Quinoa Chicken Enchilada Casserole

You know we like Mexican, Tex-Mex, and American-Mex over here at our house.  I am trying to mix things up a bit and try some new recipes, so this casserole with quinoa seemed like a perfect thing to try.  First, I had to explain to my boys what quinoa even was. Smile

For your knowledge, here is what About.com has to say about quinoa:

While quinoa is usually considered to be a whole grain, it is actually a seed, but can be prepared like whole grains such as rice or barley. Try a quinoa salad recipe, or serve a vegetable stir-fry over cooked quinoa instead of rice. Quinoa is my favorite whole grain for three reasons: First, it takes less time to cook than other whole grains – just 10 to 15 minutes. Second, quinoa tastes great on its own, unlike other grains such as millet or teff. Add a bit of olive oil, sea salt and lemon juice and – yum! Finally, of all the whole grains, quinoa has the highest protein content, so it’s perfect for vegetarians and vegans. Quinoa provides all 9 essential amino acids, making it a complete protein. Quinoa is a gluten-free and cholesterol-free whole grain, is kosher for Passover, and is almost always organic.

I have tried a couple new recipes with quinoa lately and I really like it.  I had to get used to the texture because it is not like anything I had eaten before, but the flavor is so bland that you can really add it to just about any meal.  So on with the recipe already. Smile

Ingredients

  • 2 Tbl olive oilIMG_0178
  • 1 small onion, finely chopped
  • 2.5 cups cooked quinoa
  • 1.5 cups cooked shredded chicken breast
  • 1 can (15 oz) black beans, rinsed and drained
  • 1 can (4.5 oz) chopped green chilies
  • 1 Tbl chili powder
  • 2 cups enchilada sauce (1 – 19 oz can)
  • .5 cup shredded mild cheddar cheese
  • 1 cup shredded pepper jack cheese
  •  

    Directions

    1. Heat oven to 350o and spray 8 inch square dish with cooking spray.
    2. Heat 2 quart pot over medium-high heat.  Add oil and onion and cook 5 minutes, or until the onion is clear and soft.

    IMG_0179

    3.   Reduce the heat to low.  And quinoa, black beans, green chilies, chili powder and the enchilada sauce.  Stir well and remove from the heat.

    IMG_0181

    4.  Stir in the cheddar cheese and transfer to the backing dish.  Top evenly with pepper jack cheese.

    IMG_0183

    5.  Bake for 5 – 10 minutes, then broil for 1 to 2 minutes until cheese is golden and bubbly.

    6.  Garnish with any of your favorite toppings like sour cream, cilantro, green onions or Mexican crumbling cheese.

    IMG_0189

    And just for fun, I had to share this with you all…
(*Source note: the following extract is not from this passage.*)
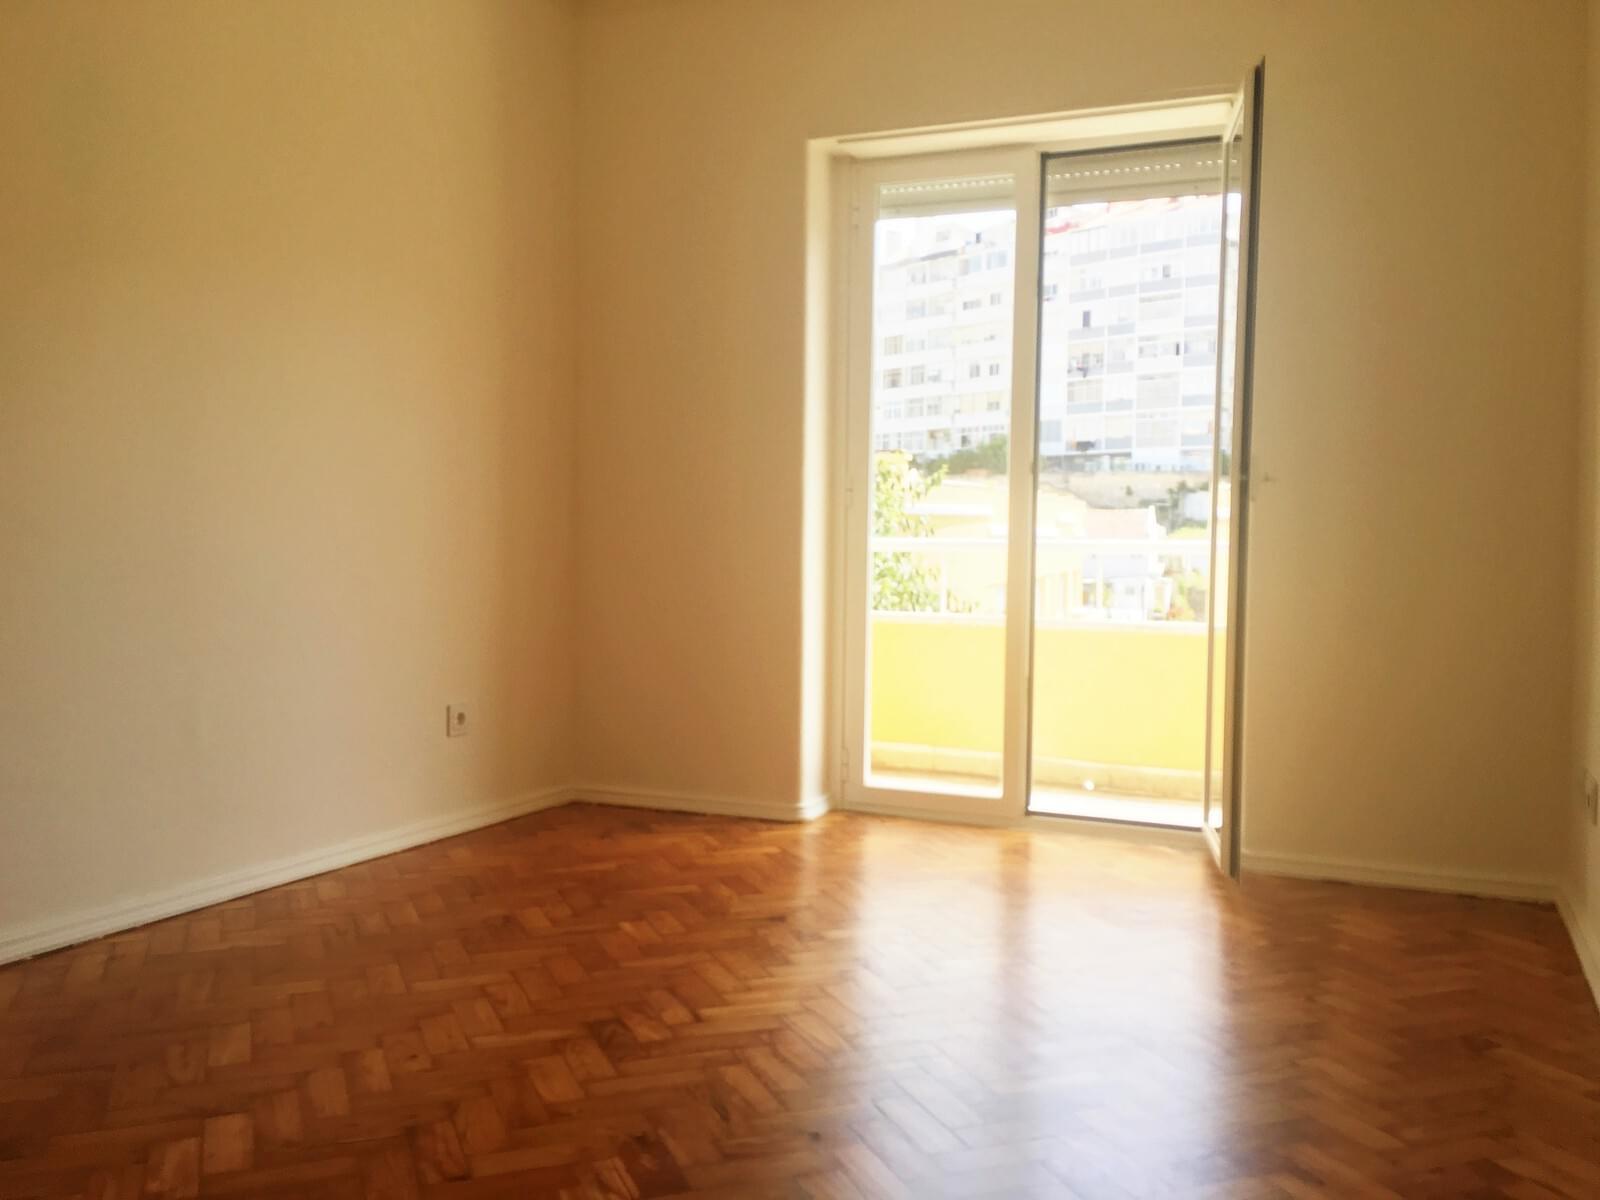 pf17642-apartamento-t3-lisboa-6847436e-cea6-4927-bcde-635ff43b1d9e

    As I was cooking, I was munching on cucumber, and as usual, sharing my fresh veggies with my4-legged side-kicks.  Harley was so funny about the cucumber.  Of course Willow chomped it right up, but Harley would take it ever so gently and walk around the corner.  After a minute or two she would come back begging for another piece.  When I went to check on her, this is what I found:

    IMG_0184

    That silly girl had ever so carefully taken all the seeds out of the cucumber and left it on the floor.  I mean come on…even I eat the cucumber seeds.  Such a silly dog!